A day at Landtmann's Original Manufaktur

Feb 04, 2024Veronika Jakabb

Except for a very few days a year, it is dark when master confectioner Viola Plundrak crosses the car park in Vienna-Liesing at around four in the morning.

The first lights slowly come on in the neighbouring residential buildings and the first bright windows look like the blinking eyes of a sleepy city. On entering the factory, the 35-year-old is greeted by the warm, slightly sweet smell of yeast, as the dough for Landtmann's brioche croissants was prepared the day before and placed on the tray in the shape of a crescent moon. "With enough space, of course, so that they don't grow into giant crescents as they rise overnight," says the pastry chef. First, the yeast dough croissants are placed in one of the three ovens, each of which can hold 75 Sachertorten at a time. It's important not to dawdle too much, because at seven o'clock the three delivery vans arrive to chauffeur the fresh baked goods to Landtmann and the other family businesses.

 Ein Tag in Landtmann's feiner Patisserie

As Vienna steadily awakens, the bakery fills with life; a total of 50 pastry chefs and apprentices are employed in the bakery. To the drone of the radio music and the hum of the machines, the focus shifts from the morning desserts to the impressive cakes and succulent pastries.

The room smells of chocolate, warm dough and the buttery vanilla flavour of the Guglhupf, 300 of which are produced every day. This pastry is only surpassed by the apple strudel, which is the most-ordered Landtmann dessert with 500 pieces.

Was she very excited? Viola thinks for a moment. "Well, you always take one step at a time - and you're not alone at first." And she already knew as a child that she wanted to be a pastry chef. "We always baked at home." She has particularly fond memories of Christmas biscuits: the warmth of the kitchen in contrast to the cold winter air, the smell of vanilla sugar and spending time with her grandma. "And the nice thing is that there is always that sense of achievement when baking." That moment of amazement when you take the finished dish out of the oven, which is so completely different from the individual ingredients used to create it.

The most impressive transformation of ingredients into the end product is probably Landtmann's fine cake with its nine layers. The hazelnut sponge base is baked first, followed by alternating layers of orange marzipan and hazelnut buttercream until the cake is finished off with red marzipan. And how difficult is it not to keep snacking with so many sweet ingredients? Viola laughs.

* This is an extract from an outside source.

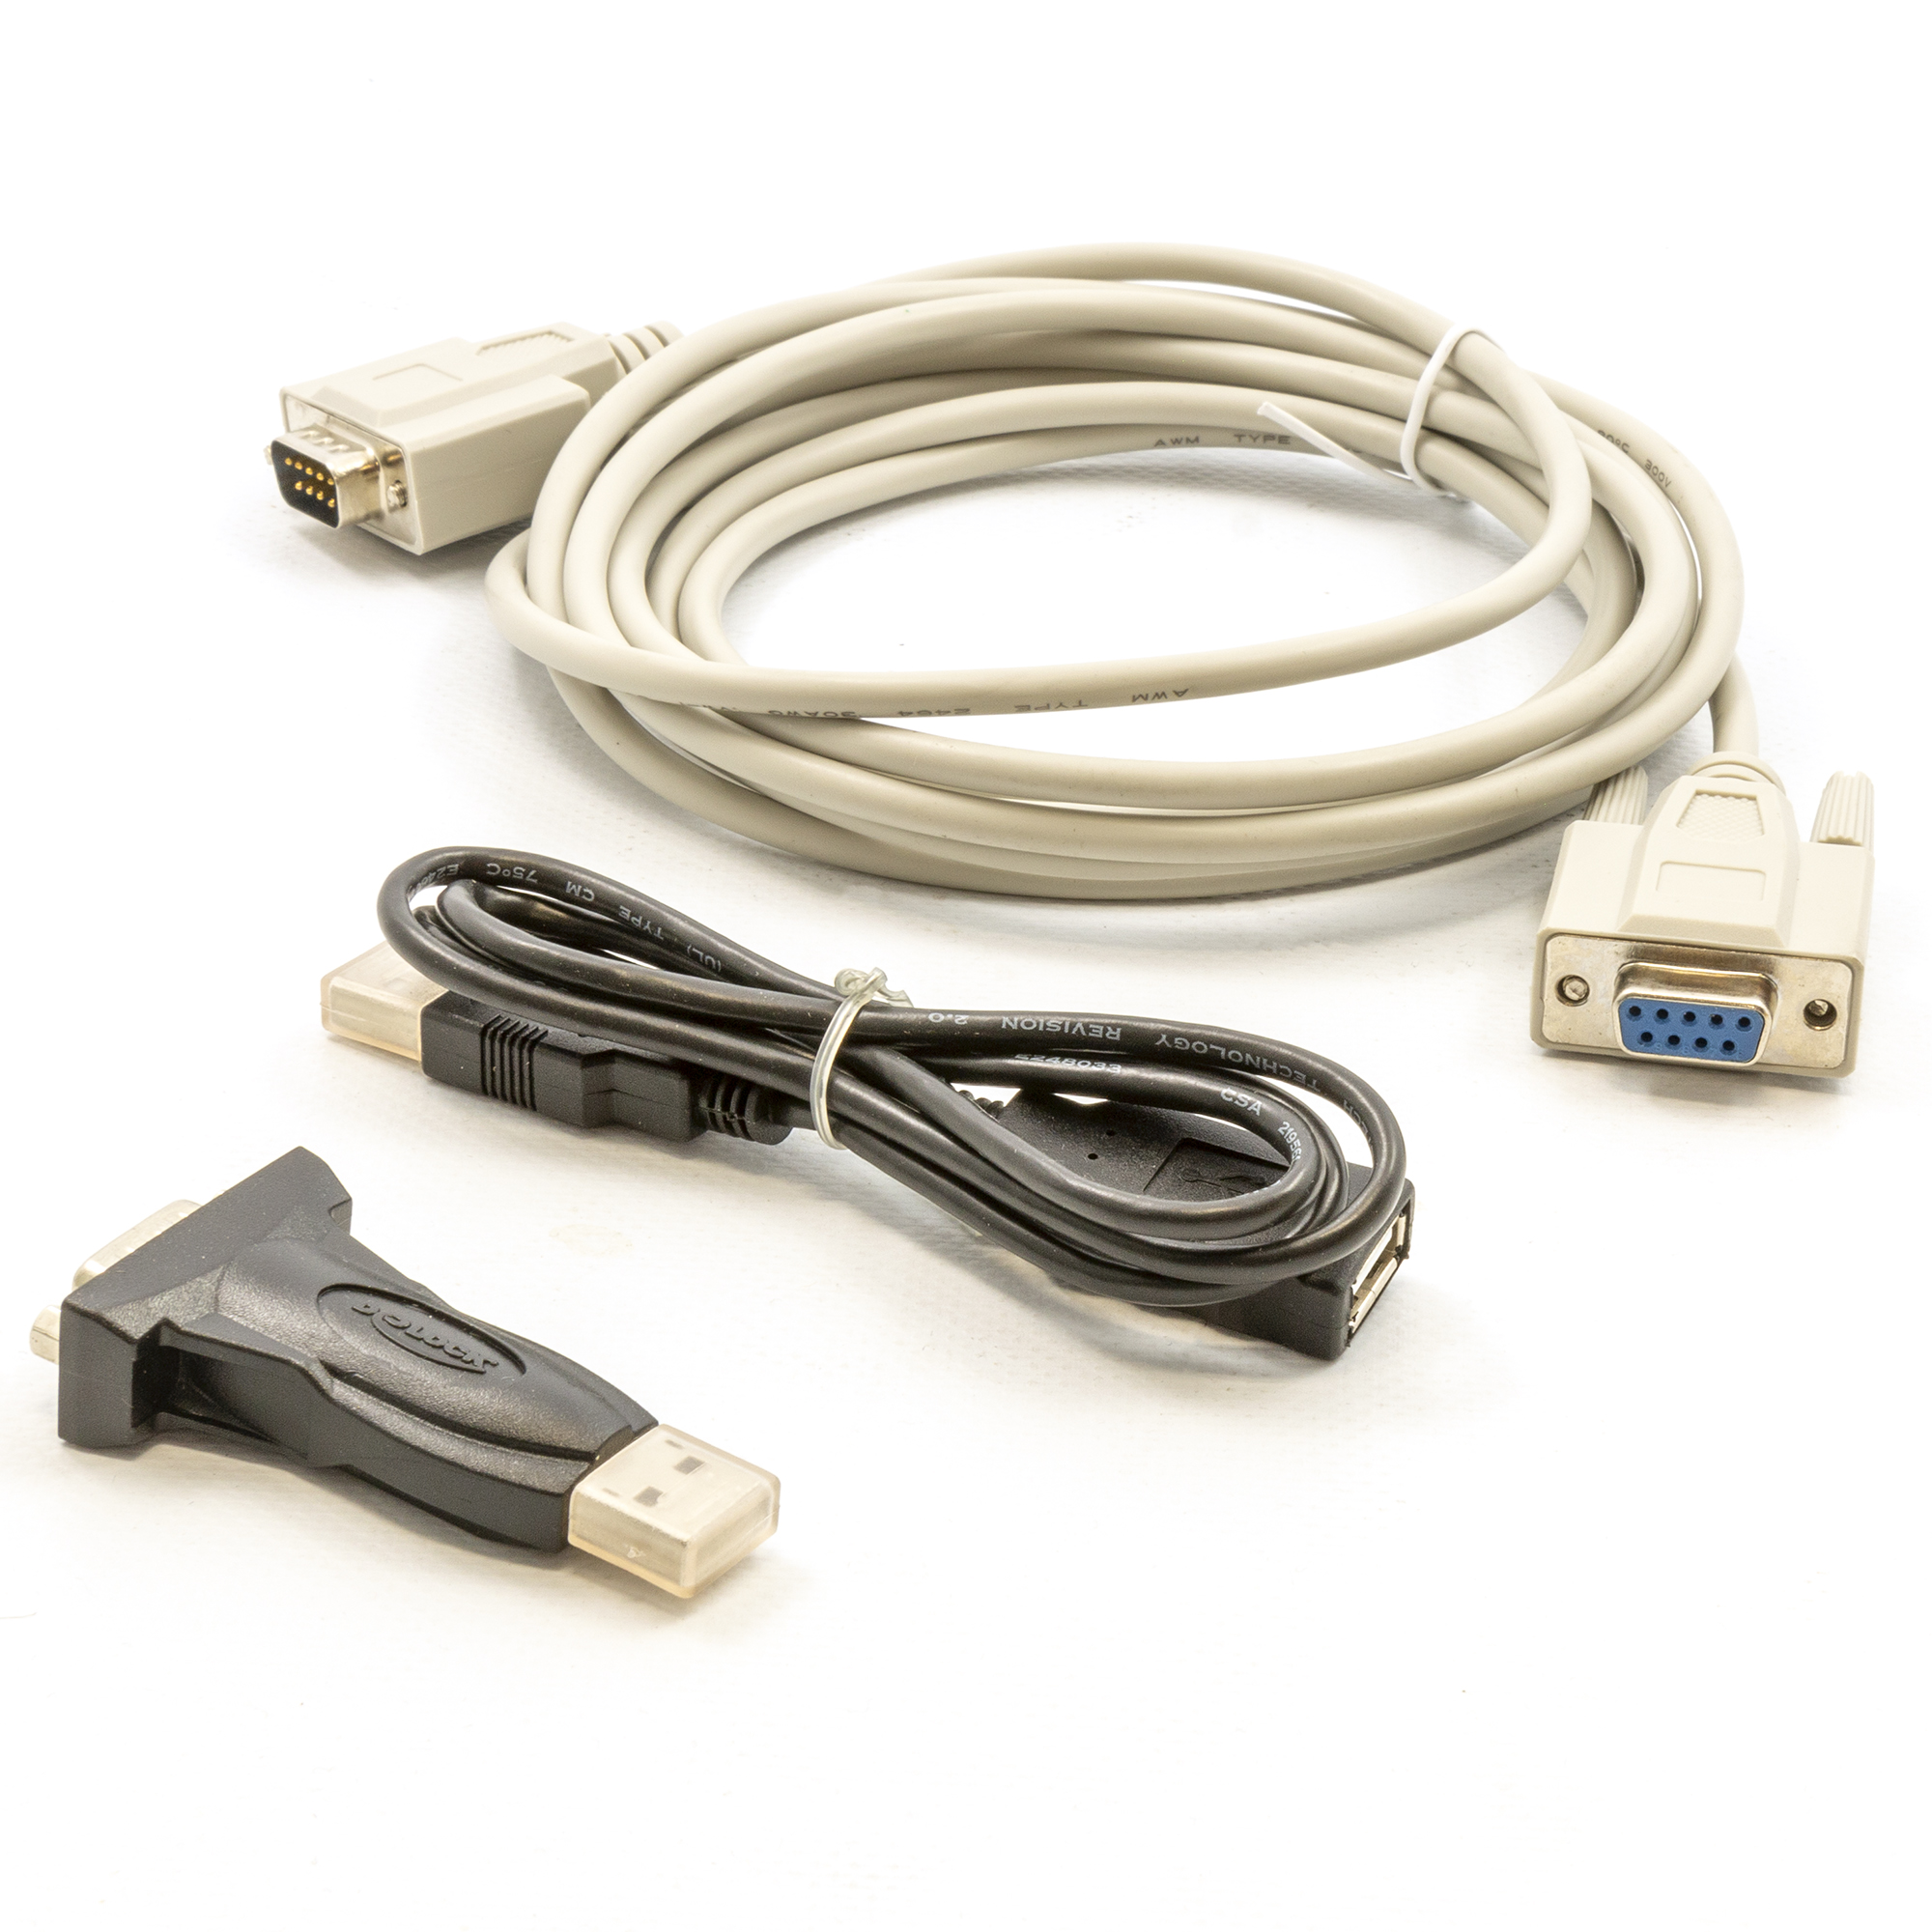 CONT 82-Q0800/3 Seriële kabel en RS232-USB adapter voor connectie met PC

"People always snack. But you become more selective. And more varied." But cost is also part of the job. "We change our menu twice a year." In spring and summer, the desserts are fruitier, in autumn and winter there is a focus on nuts, chocolate and chestnuts. The first ideas are discussed three months before the products appear on the menu. Once an agreement has been reached, the next step is, of course, baking trials and lots of tasting. So that it tastes right when it is served to the guests.


After 20 years, Viola Plundrak is actually experienced in the preparation of all cakes, strudels and tarts. However, the legendary Landtmann's Original Erdbeerstanitzel is particularly delicate, as each strawberry in the fruity pastry has to be placed individually. Incidentally, it was precisely this product that she prepared as a 15-year-old on her first day as an apprentice at Landtmann's Original Manufaktur.